Let’s take a small tour through what actually happens when a CUDA program runs. I’ll use a simple example, computing reciprocals of numbers( a simple standard default example) but the real goal here is to understand how CUDA turns a normal-looking function into massively parallel execution on a GPU. Checkout at the end of the post there is also a video explainig how it works. Lets do a simple math operation both on CPU and GPU and see what happens, we can consider a mathematical operation like adding reciprocal of a numbers that are stored in an array. some thing like the below operation.

data[idx] = 1.0f / data[idx];

Take every number in an array and compute 1/x for it. We do it twice, once on the CPU, once on the GPU, and then compare the results.

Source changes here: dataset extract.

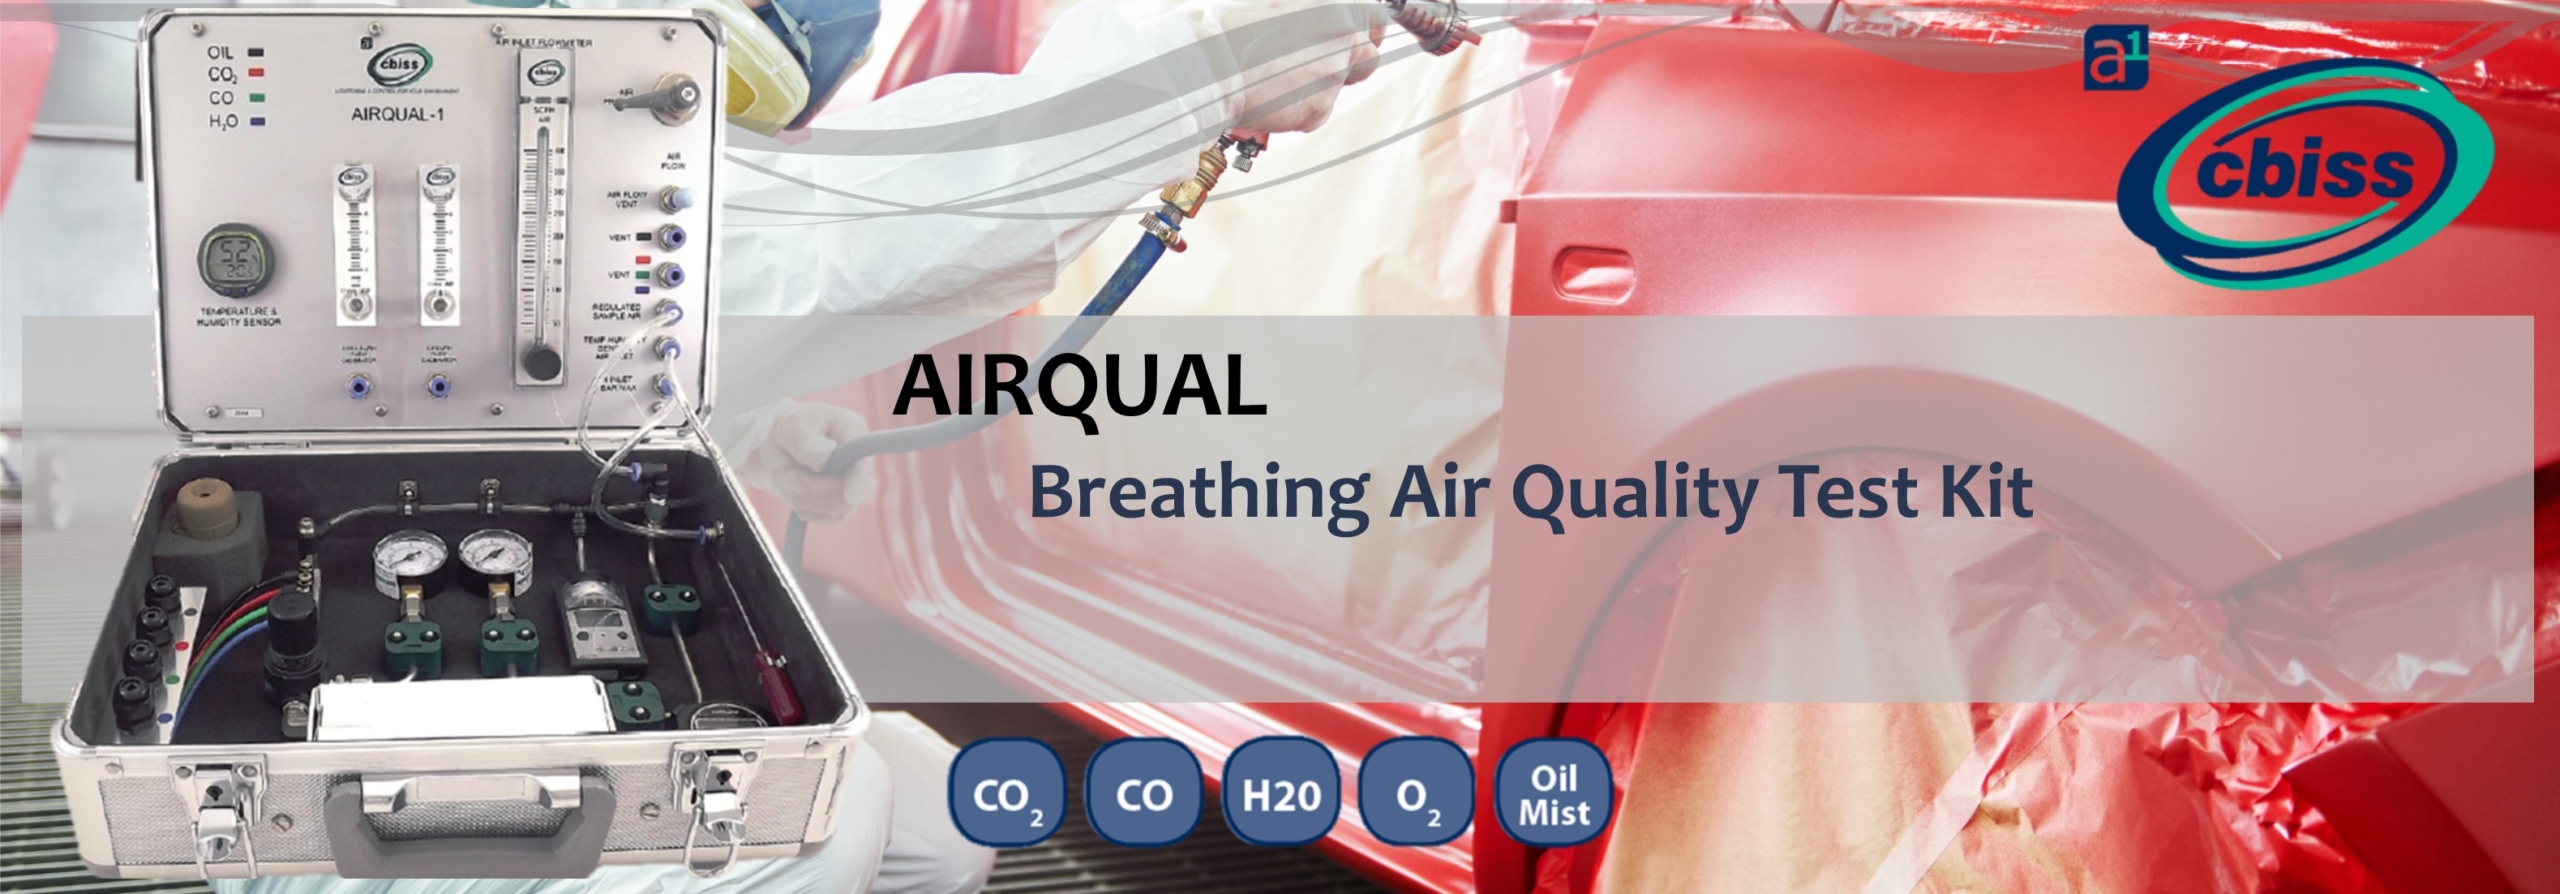 https://www.aquagas.com.au/wp-content/uploads/2015/07/airqual-breathing-air-quality-test-kit-scaled.jpg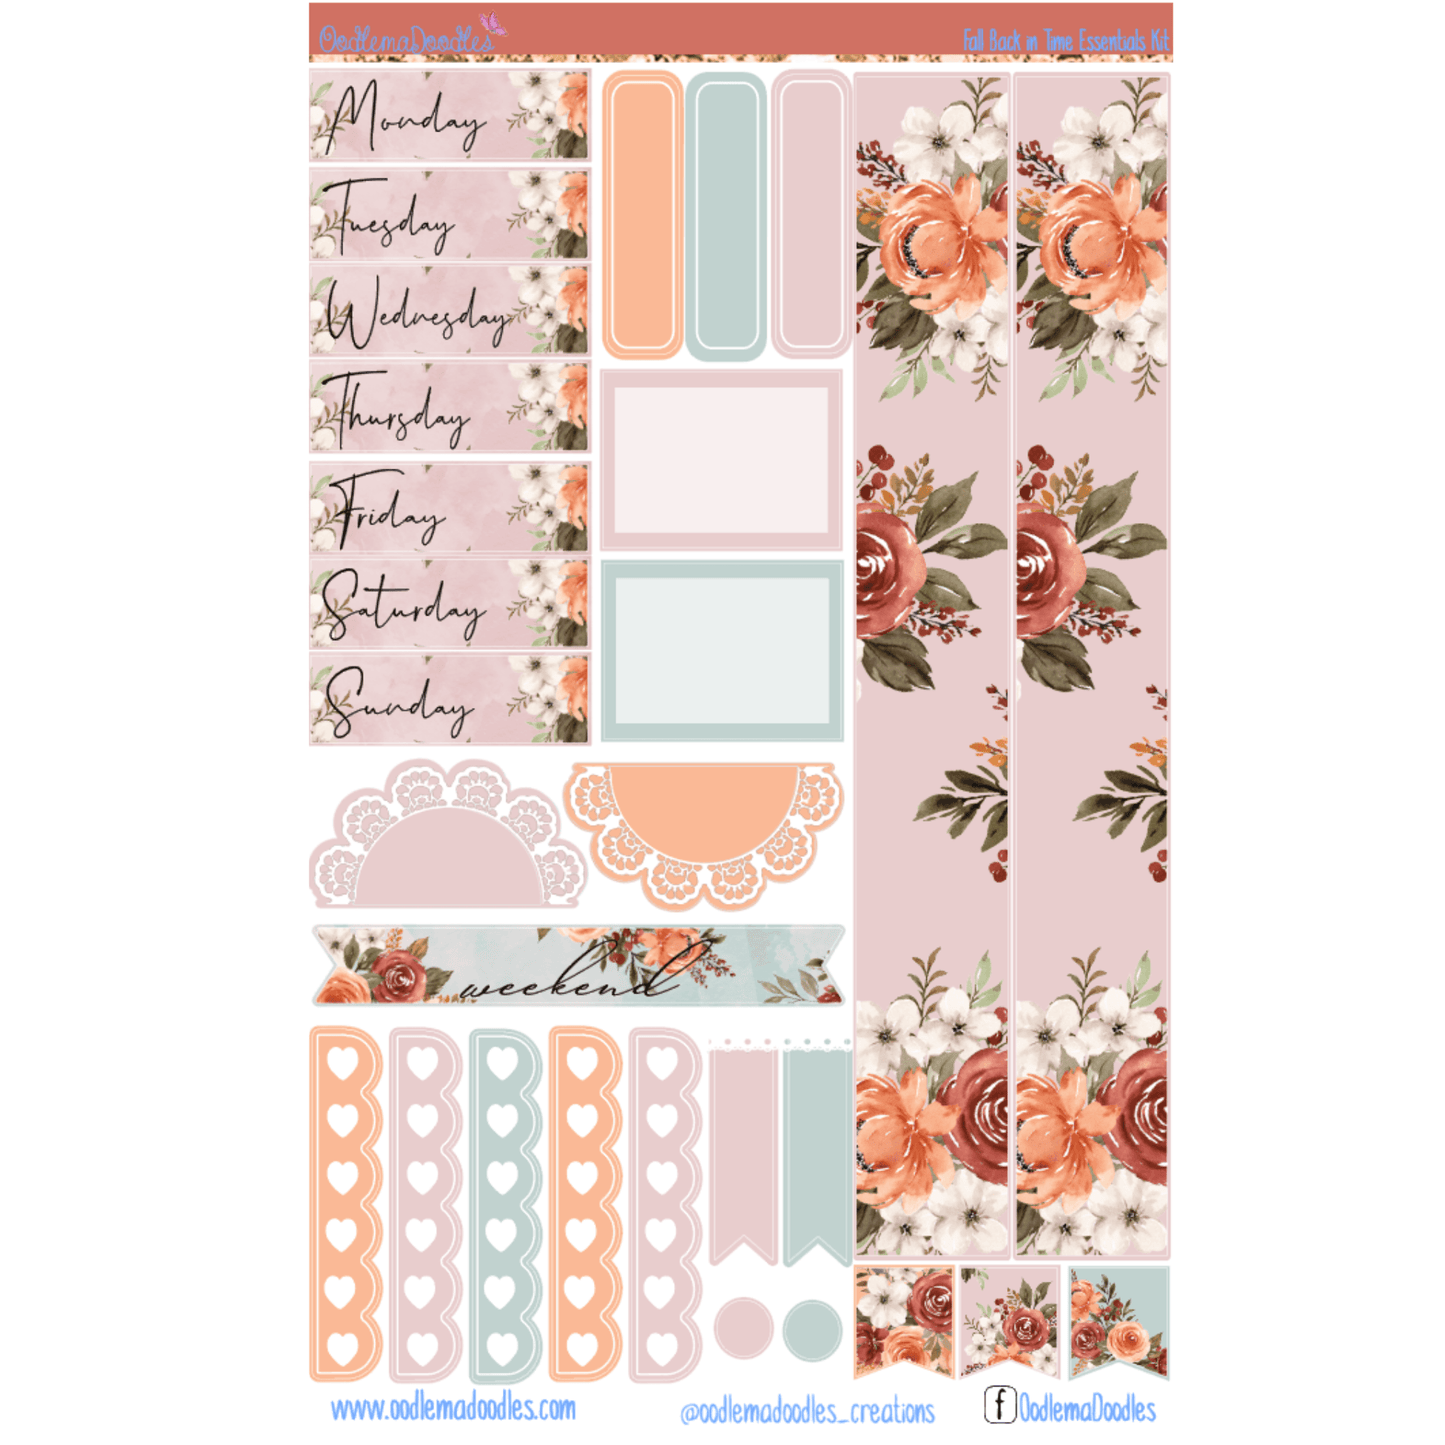 Fall Back in Time Essential Planner Sticker Kit

The code mentoined first of all might look a bit daunting although it is simple code that does some additons and array operations. I will try to break it down piece by piece. Stay tuned and there is also a nice visual explantion for this as you keep continue reading the post below.


The Full Source Code - The code that is generated by default cuda runtime example project from the nsight eclipse edition that nvidia ships.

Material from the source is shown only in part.